Undergraduate degree in cyber security, computer science, information technology, or similar subjects.
Experience working in a globally distributed team leveraging documentation and async communications as needed
Prior experience or basic knowledge on DS algorithms and methodologies

LMTS

Salesforce - the leader in enterprise cloud computing and one of the top 10 places to work according to Fortune magazine - is seeking Threat Detection engineers to improve the coverage, quality and reliability of our security alerts and logs.Threat Detection team is responsible for all the detections written to detect attacks against Salesforce's infrastructure , Product , employees and its customers. We work closely with the CSIRT team that responds to our alerts and the engineering team that builds the platforms we rely on to improve effectiveness of detections that we build.

You will be responsible for the lifecycle of threat detection in this role. You will write logic on a wide variety of security platforms to detect malicious activity in various stages of the attack lifecycle. You will build attack simulation scenarios, reproduce attack scenarios, and test the effectiveness of yours and your peers logic. You will also partner with the engineering teams to develop technology that enables this work. You will closely collaborate with the incident response team to improve the reliability and quality of alerts. Your technical skills, collaboration and teamwork will help to ensure that our detection system works well to Secure Salesforce and its customers. If you want to solve interesting challenges in threat detection and some unique cyber security challenges this is the place you want to be in.

Unleash Your Potential

When you join Salesforce, you'll be limitless in all areas of your life.

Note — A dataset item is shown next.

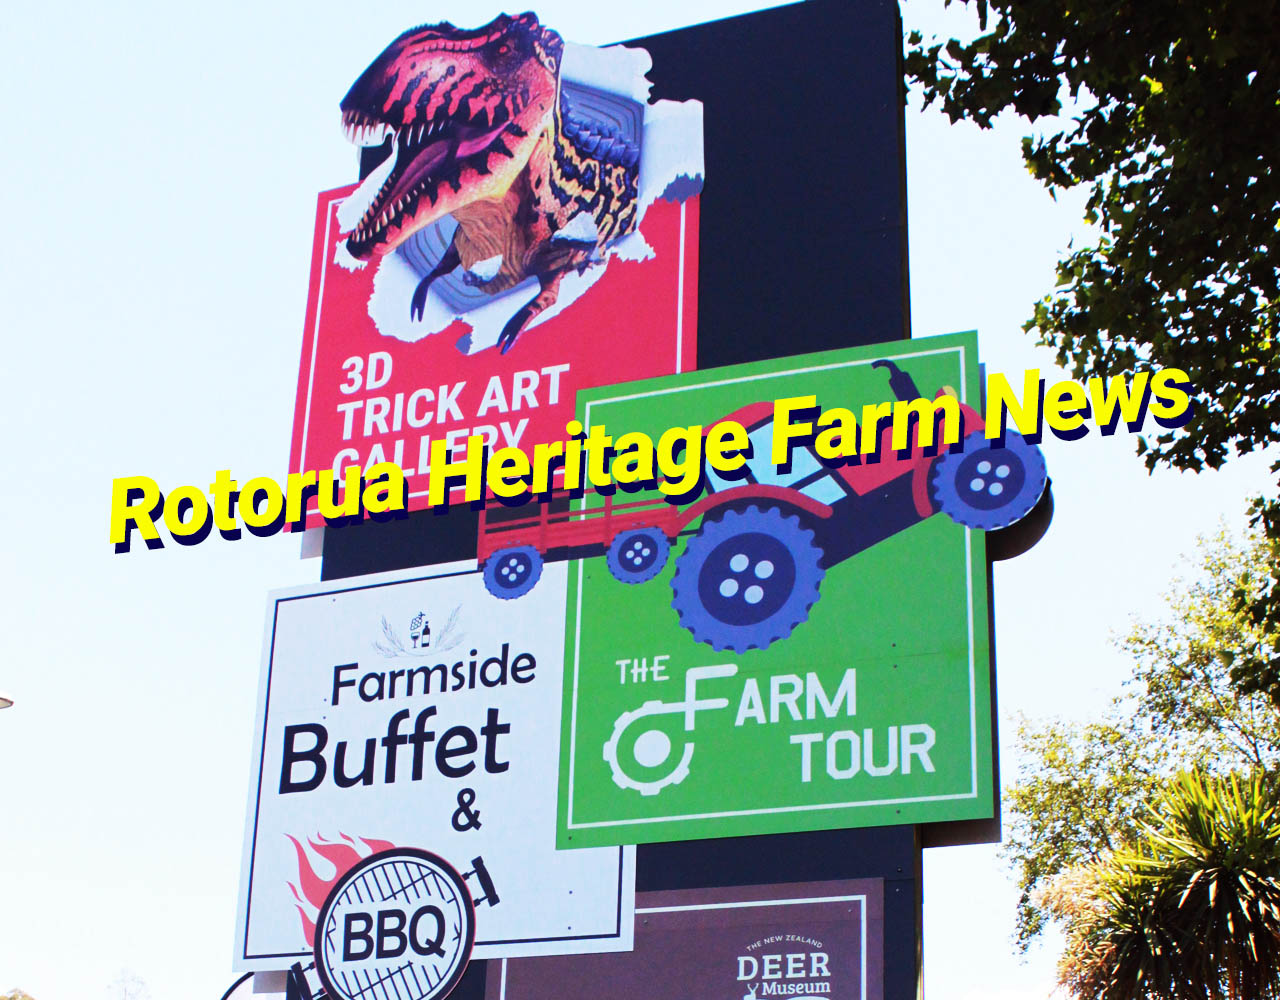 Rotorua Heritage Farm

Our benefits and resources support you to find balance and be your best, and our AI agents accelerate your impact so you can do your best. Together, we'll bring the power of Agentforce to organizations of all sizes and deliver amazing experiences that customers love. Apply today to not only shape the future - but to redefine what's possible - for yourself, for AI, and the world.

Accommodations

If you need a reasonable accommodation during the application or the recruiting process, please submit a request via this Accommodations Request Form.

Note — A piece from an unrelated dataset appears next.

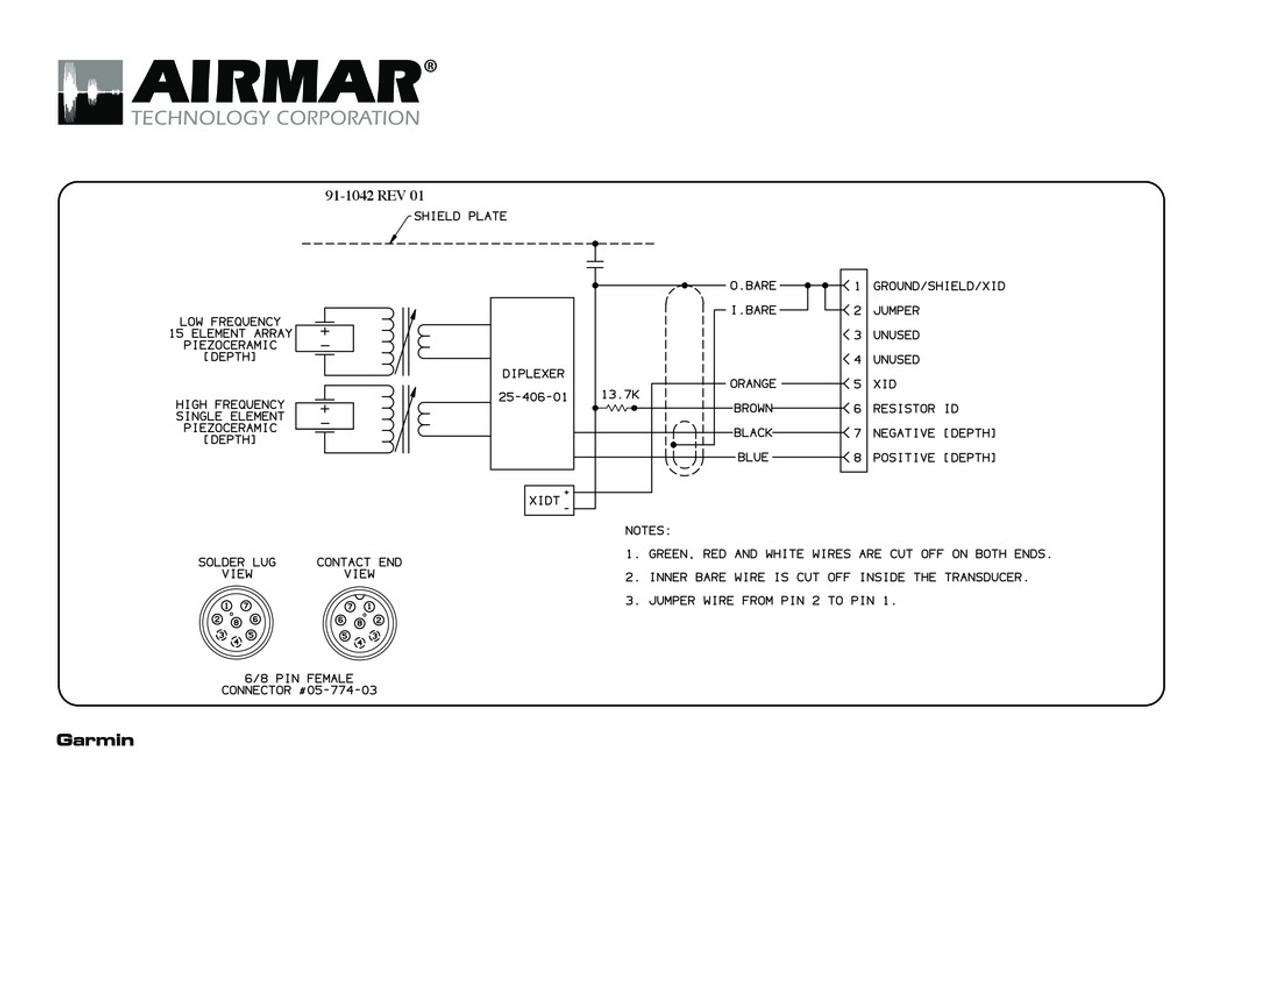 small resolution of  garmin garmin marine wiring diagrams on garmin network cable wiring garmin 3010c wiring garmin speedometer

Please note that Salesforce uses artificial intelligence (AI) tools to help our recruiters assess and evaluate candidates' resumes and qualifications throughout the recruiting process. Humans will always make any candidate selection and hiring decisions. Please see our Candidate Privacy Statement for more information about how we use your personal data and your rights, including with regard to use of AI tools and opt out options.

Posting Statement

Salesforce is an equal opportunity employer and maintains a policy of non-discrimination with all employees and applicants for employment. What does that mean exactly? It means that at Salesforce, we believe in equality for all. And we believe we can lead the path to equality in part by creating a workplace that's inclusive, and free from discrimination. Know your rights: workplace discrimination is illegal. Any employee or potential employee will be assessed on the basis of merit, competence and qualifications - without regard to race, religion, color, national origin, sex, sexual orientation, gender expression or identity, transgender status, age, disability, veteran or marital status, political viewpoint, or other classifications protected by law. This policy applies to current and prospective employees, no matter where they are in their Salesforce employment journey. It also applies to recruiting, hiring, job assignment, compensation, promotion, benefits, training, assessment of job performance, discipline, termination, and everything in between. Recruiting, hiring, and promotion decisions at Salesforce are fair and based on merit. The same goes for compensation, benefits, promotions, transfers, reduction in workforce, recall, training, and education.